According to 动察 Beating monitoring, the open-source computer-use infrastructure project Cua has released cua-driver, a macOS native driver that allows any agent to control Mac applications in the background. When the agent clicks, types, or takes screenshots, the user's cursor remains still, the focus does not change, and macOS does not switch across Spaces.
The core technology is based on reverse-engineering Apple's private framework SkyLight. Normal synthetic events sent through CGEventPost in the HID event stream would move the cursor; `CGEvent.postToPid` can send events directly but would be filtered out by Chromium's render process. cua-driver uses SkyLight's SLEventPostToPid to send events through the WindowServer trust channel, bypassing HID, allowing Chromium to receive the events. Window activation is achieved by following the window manager yabai's approach: using SLPSPostEventRecordTo to only toggle the target application's AppKit activation state without raising the window level, avoiding triggering Spaces switching. For Electron apps (such as Slack, VS Code, Discord), an undisclosed method _AXObserverAddNotificationAndCheckRemote is used to ensure the accessibility tree remains updated even when the window is covered.
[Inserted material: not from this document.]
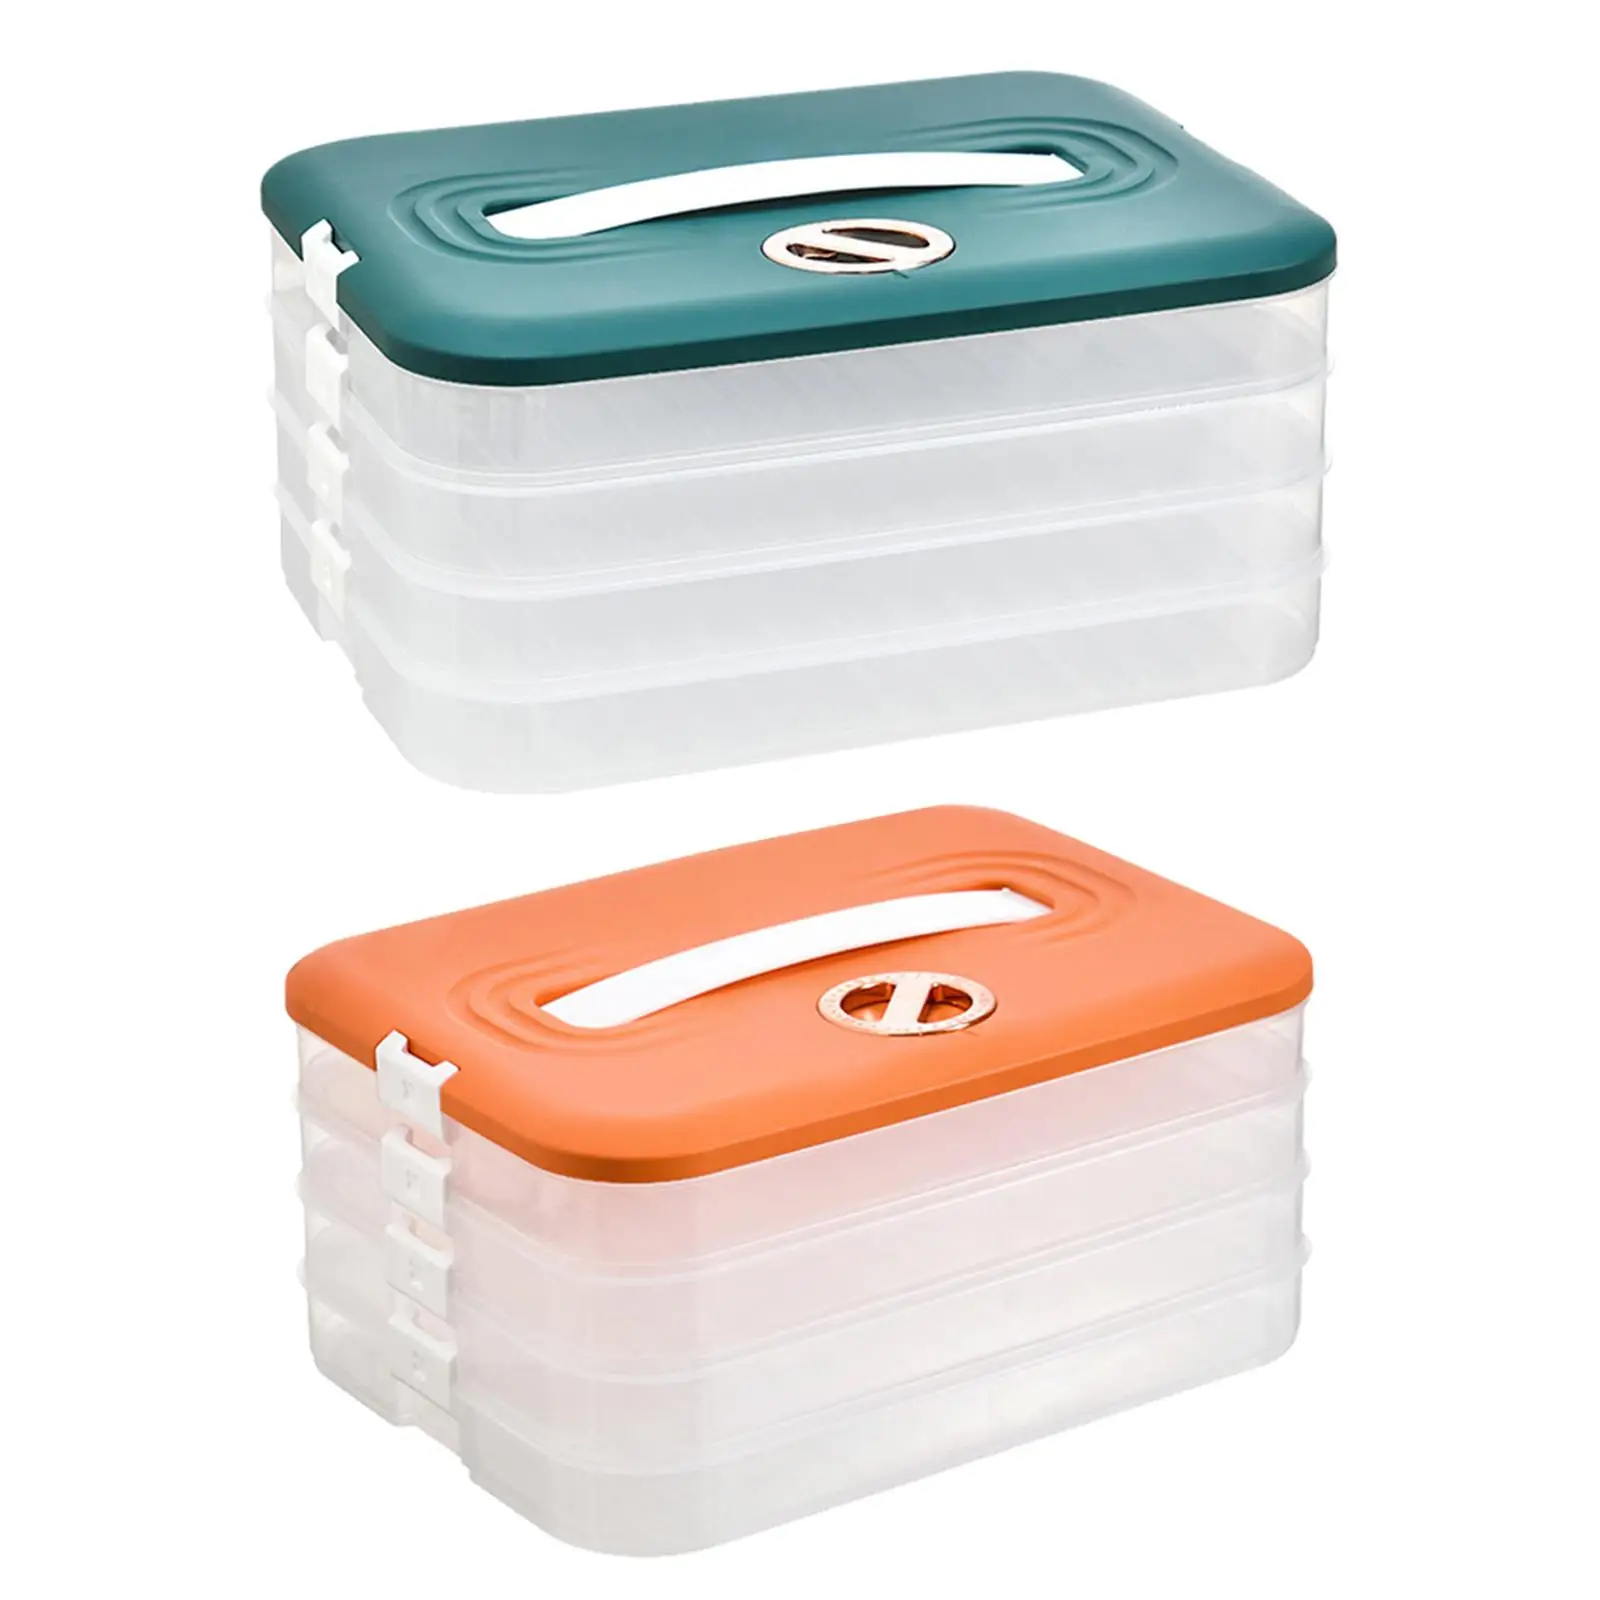 Large Storage Container for , 4-layer Food Grade Food Containers, Leak-proof, Stackable for Fish Eggs

cua-driver offers three capture modes: ax mode returns only the accessibility tree without requiring screen recording permissions; vision mode returns only screenshots; som mode (default) returns both, allowing agents to click using either element indices or pixel coordinates. The driver supports the MCP protocol, enabling integration with clients like Claude Code, Cursor, and can also be invoked via the command line. Two known limitations: right-clicking on Chromium web content does not work, and Canvas-based applications (Blender, Unity, game engines) still require brief foreground activation.
Following OpenAI's acquisition of the Apple Shortcuts team Sky, Codex was the first to introduce background computer-use capabilities but did not open-source them. Cua's Francesco Bonacci stated that a background computer-use driver should be a generic infrastructure rather than an exclusive feature of a single product.